On Changing Directions

Richie Feathers
Managing Editor

What is it about the psychological pull of senior year that makes you suddenly question the direction your education is heading?

I’ve been considering this a lot recently as I’m feeling the unavoidable inkling that perhaps the career path I’m working toward, Music Journalism, is not in fact what I want to dedicate my life to. Although incorporating music into my profession will always be a given, it’s the “how” that has been weighing especially heavy on my cluttered mind.

Despite the impressive milestone of graduating college, there is a feeling of the innocence and naivety of youth rapidly dissipating looming overhead. Even now, with still over eight months until the spring ceremony, a distinct pressure has begun to push itself onto many of us, saying, “Start savoring those red solo cups of punch, they’ll be your last for a while; it’s time to work.” While watered down punch and sweaty bus rides may not be the most savory of college staples, they will both hold sentimental values for many, I’m sure.

This prospect of trading in a hat and polo for a suit and tie doesn’t sound very exciting, so it’s easy to understand why many college students, from freshmen to seniors, approach this final year with apprehension and, frankly, fear. Fear that they’ll never get a good job or have the house they dreamed of. But, I also think it’s a fear that the fun in life is suddenly over.

We’re taught to carefully cultivate our time spent here at SUNY Oneonta, that our futures are riding on it. Whether this is true or not — and we’ll find out which soon enough — college is supposed to provide us young adults with the resources to locate our own path and learn how to start walking it. Yet, parents and relatives who look back on these years fondly never forget to remind us that “college is the best four years of your life.”

I don’t know about you, but I certainly hope not.

I get it; the spare time, the new changes, the freedom — they’re all great. But I’d be hard-pressed to believe that what we’re working toward, why we’re learning, is, in a sense, all for naught.

Perhaps this misconception exists because the reason we’re here (to gain specific skills) has the connotation that landing a job is a destination, that once we’re there we’ll be happy and content. But when I get a job, I don’t want to feel like I have stopped, like I can now play it safe or be on autopilot for the rest of my life.

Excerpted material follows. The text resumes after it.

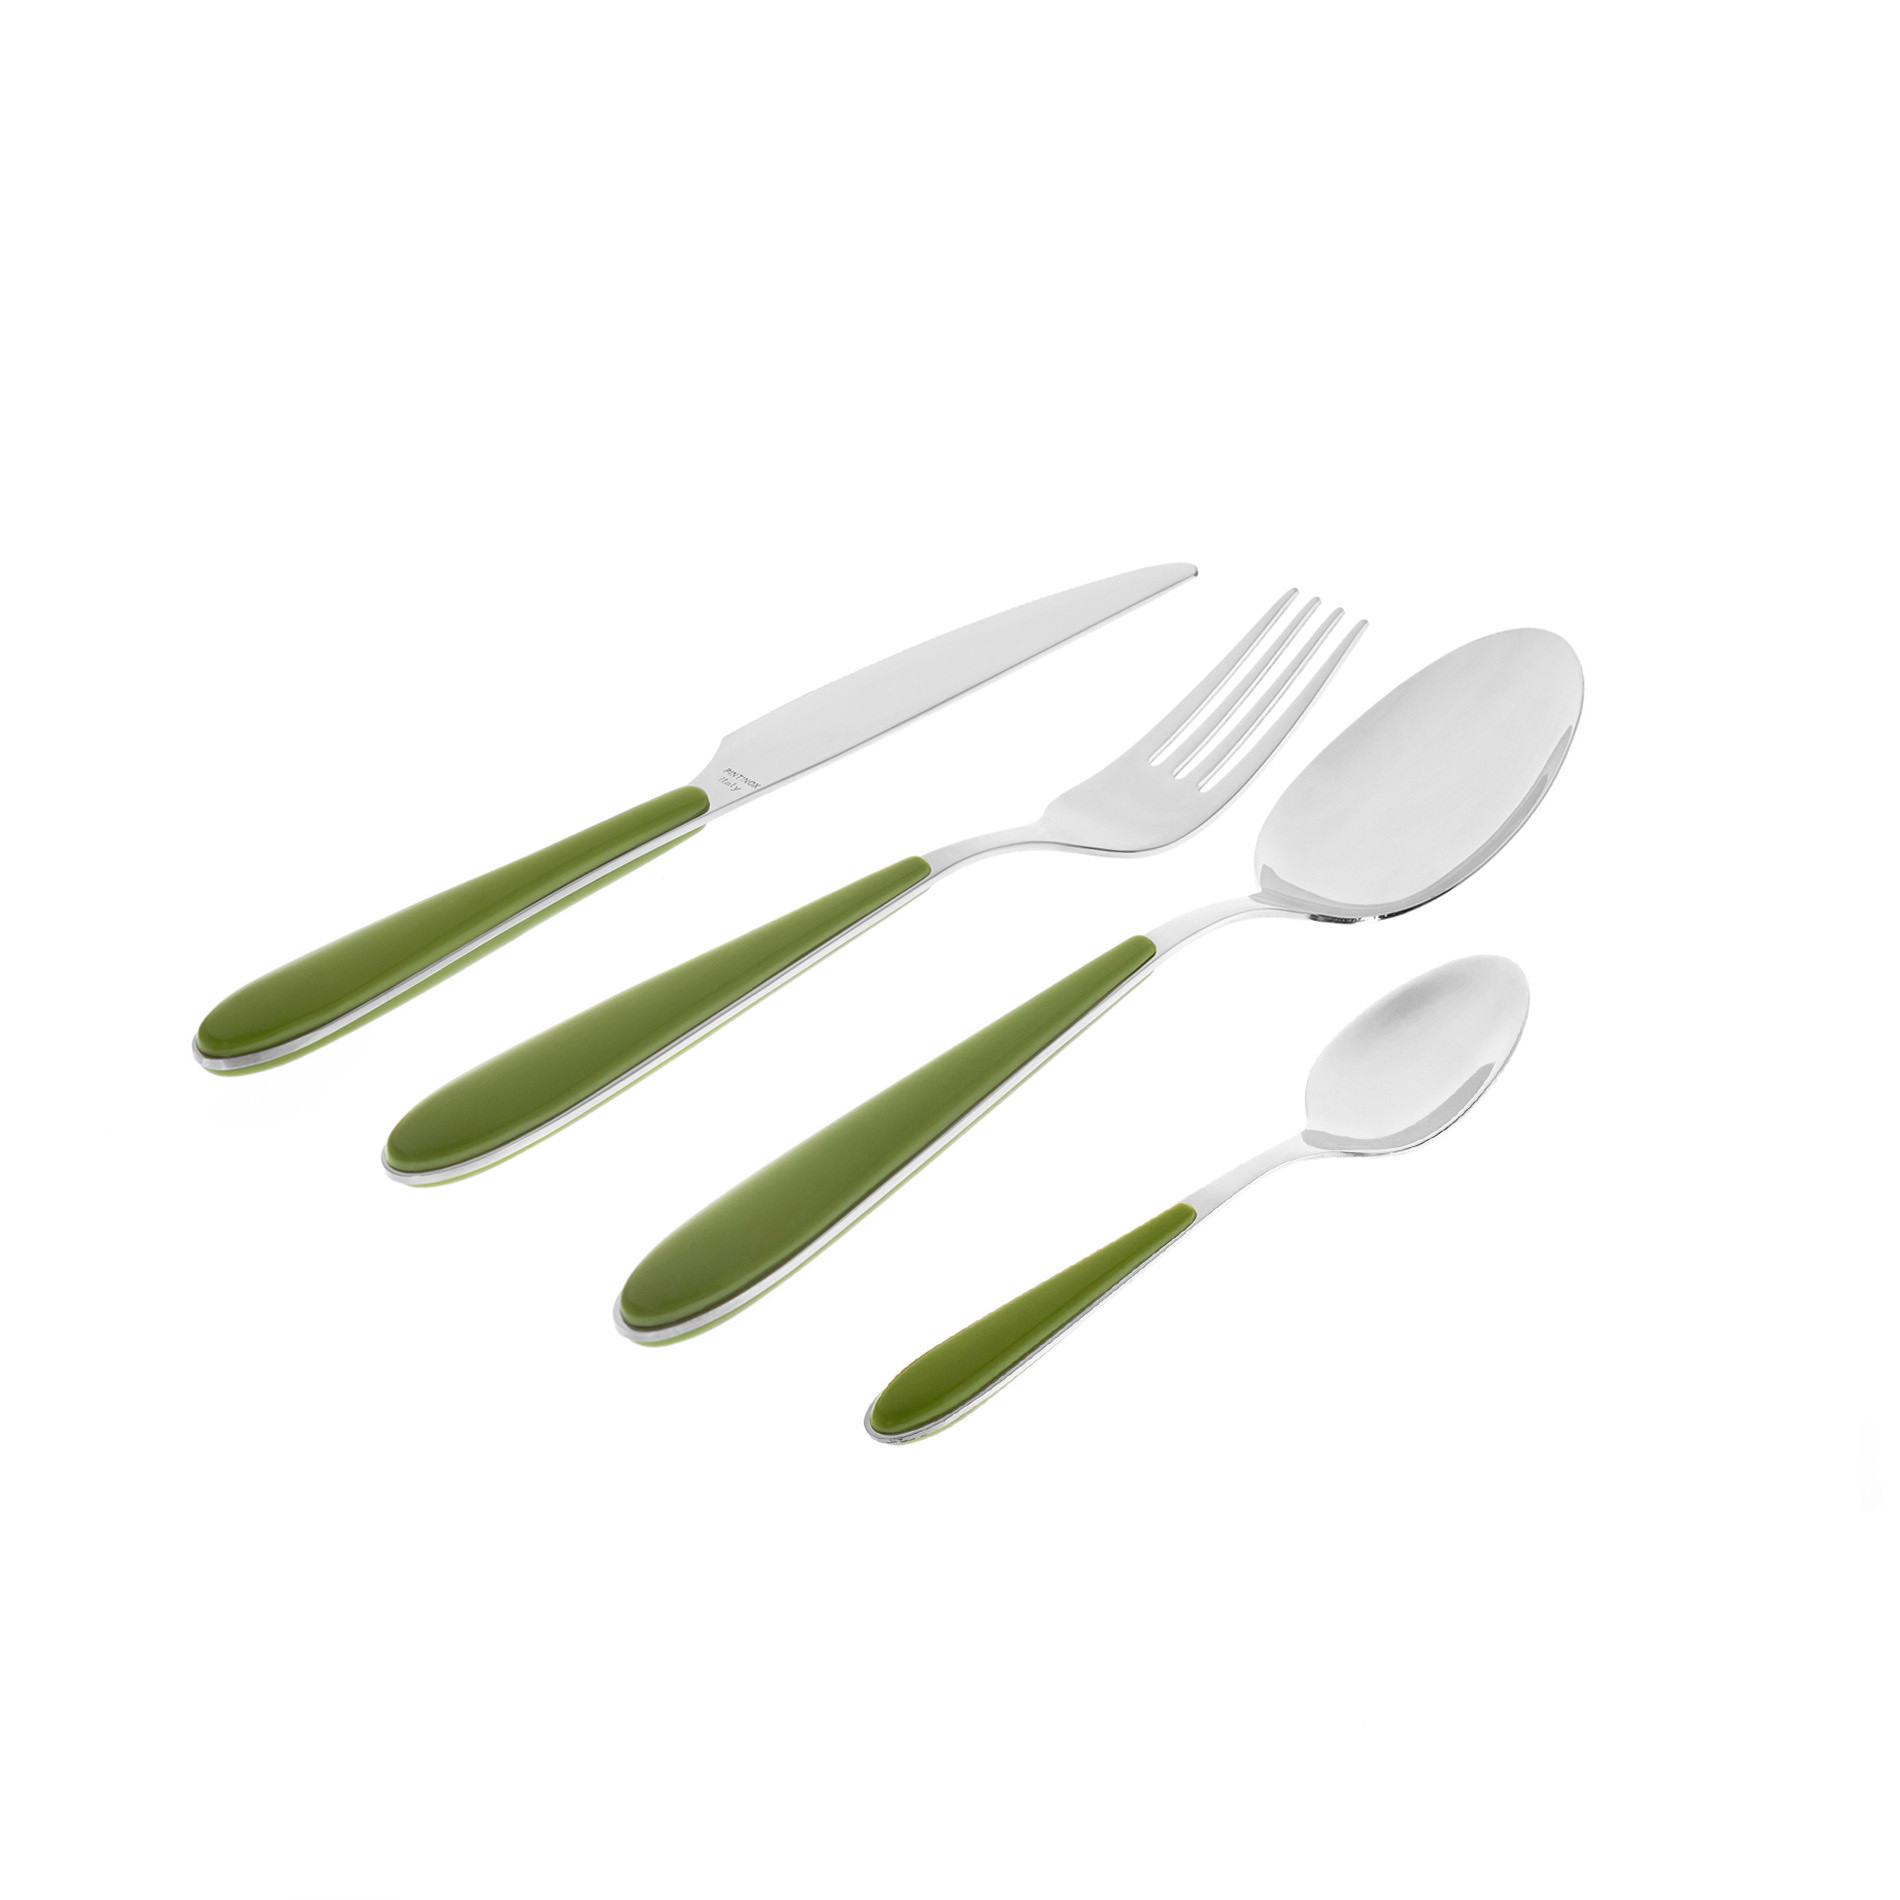 Coltello acciaio inox e plastica, Verde, large image number 1
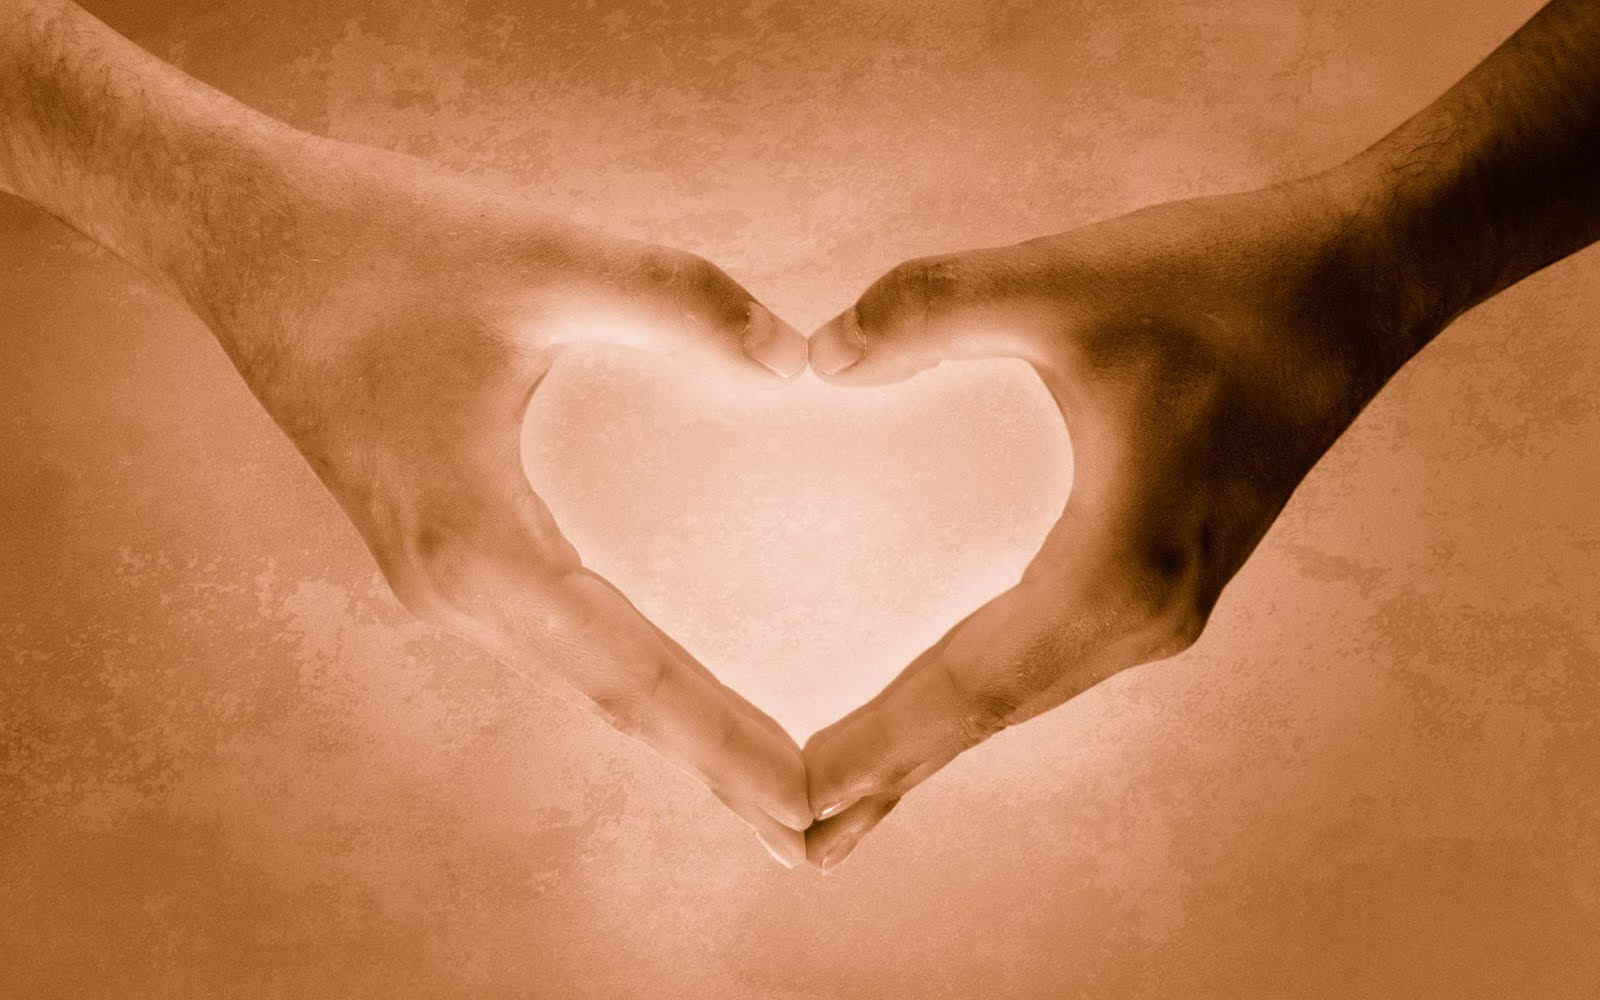 Romantische achtergronden hd wallpapers - 2 hand love wallpaper ...

So, instead of answering the first question, I’m going to ask a different one: Why does the fun have to be over on the other end of those pillars?

As much as I love writing, I can’t possibly imagine myself spending so much of my day in front of a computer, a nearly guaranteed requirement in this day and age. My internship this past summer, although incredibly rewarding in many aspects, made this even clearer.

We’re saturated with the impression that a “real,” steady job often happens in a cubicle, computers on and phones ringing. If that is the work environment that you are looking forward to, then it’s good to know you’ve found your goal. Personally, and with an understanding that our job choices may not be particularly vast fresh out of school, I am certain that eight hours a day in front of a screen will make me neither happy nor content.

This is not an epiphany for me — I could have told you for years that I don’t want to spend my life this way. What is new however, is the realization that I don’t have to. Perhaps I’m luckier than other majors in that music offers many different facets of work, most of which do involve an excessive amount of computers and similar technology, but also some that do not. And those are the ones I’m searching for, and now working toward.

I don’t think the fun has to end after we graduate.

I think we just have to start making difficult, scary decisions, many of which could have permanent effects on our future. But we always knew that.

Actually, the answer to my initial question is rather simple: It’s senior year that says it’s time to face these exact choices, and it’s damn scary!

But, if I’ve learned anything from these four years it’s that we’ve already been making difficult decisions. Decisions to go to class or sleep an extra hour; to skip a Thirsty Thursday and read that book you know will teach you something; to join a great club instead of watching another television season on Netflix. Even if these aren’t your recurring dilemmas, you get the point.

The thing is, we shouldn’t be waiting for the “real world” to start after graduation; we’re already living in it. Don’t be afraid to question where you’re heading, just know it’s only your choice to discover what’s right, not planned, for you.

The best years aren’t about to end, they’re just getting started.